The task => Only one span of the listing below should come back. It runs from the line with "Scientist clipart research" through the line with "Burned -Over Areas - Camera Point - Colorado", and each of its lines must be reproduced exactly.

Excerpted data =>

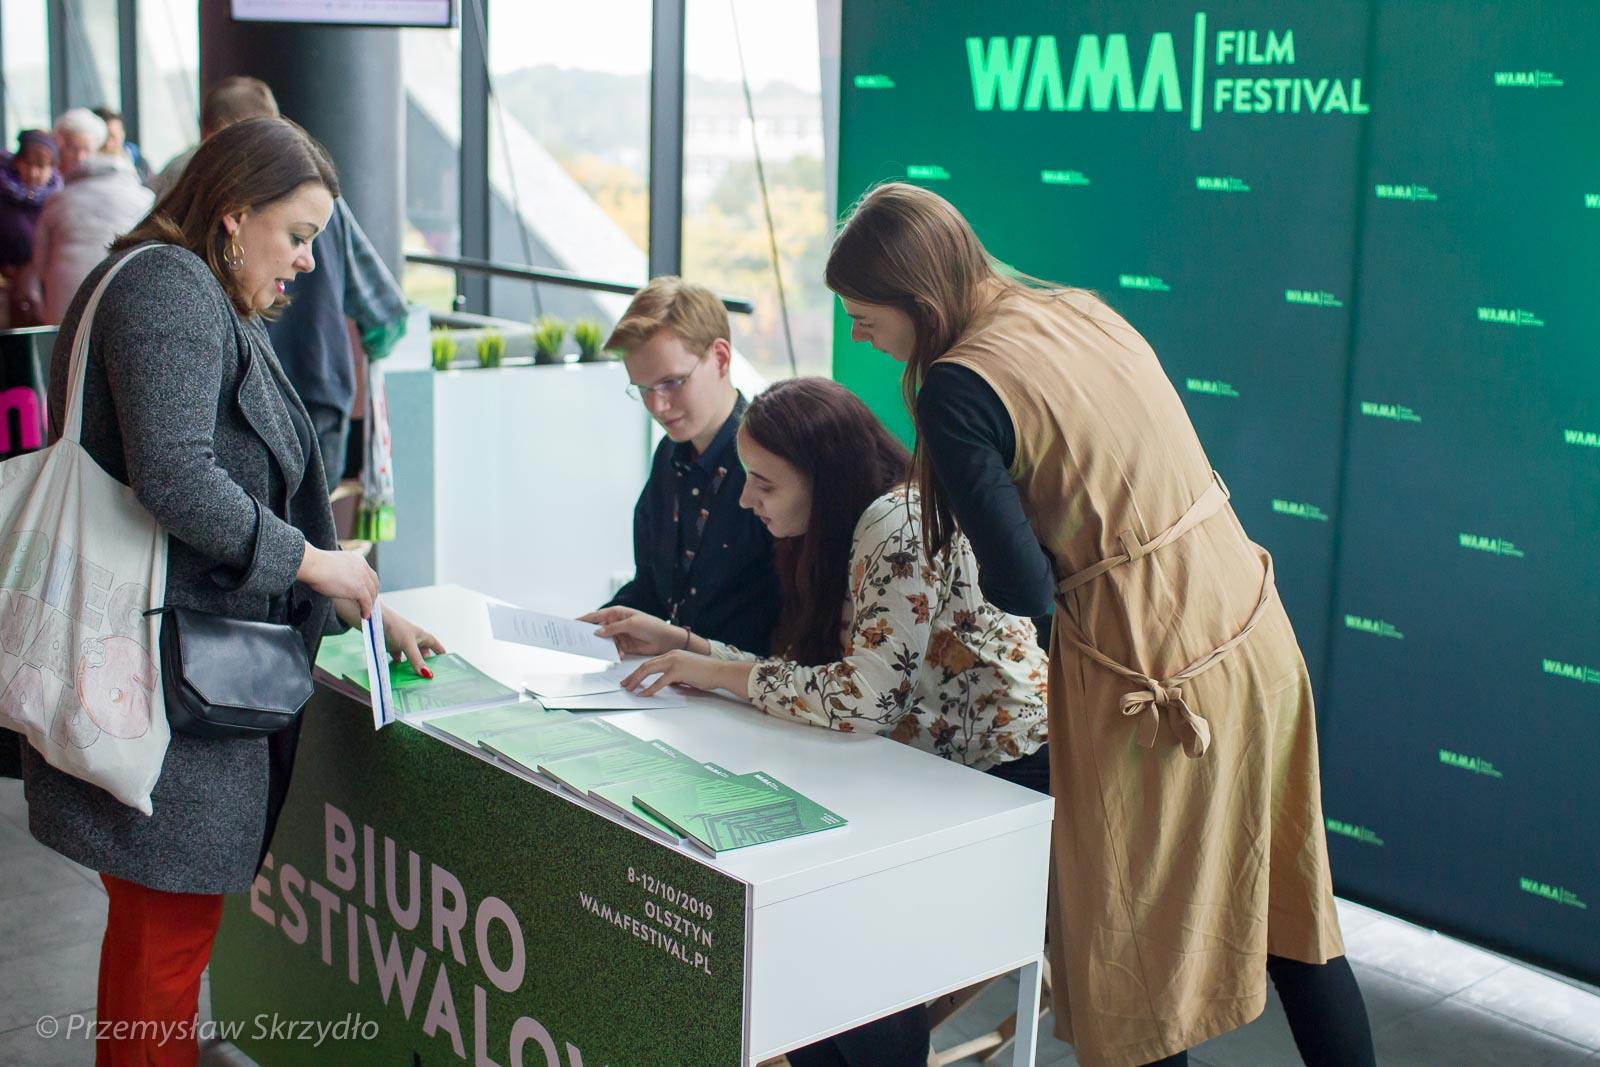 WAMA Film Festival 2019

...

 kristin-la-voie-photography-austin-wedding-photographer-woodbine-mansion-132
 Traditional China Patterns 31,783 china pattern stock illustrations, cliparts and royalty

--

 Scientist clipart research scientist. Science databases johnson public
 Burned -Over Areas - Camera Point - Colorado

Result below =>
 Scientist clipart research scientist. Science databases johnson public
 Burned -Over Areas - Camera Point - Colorado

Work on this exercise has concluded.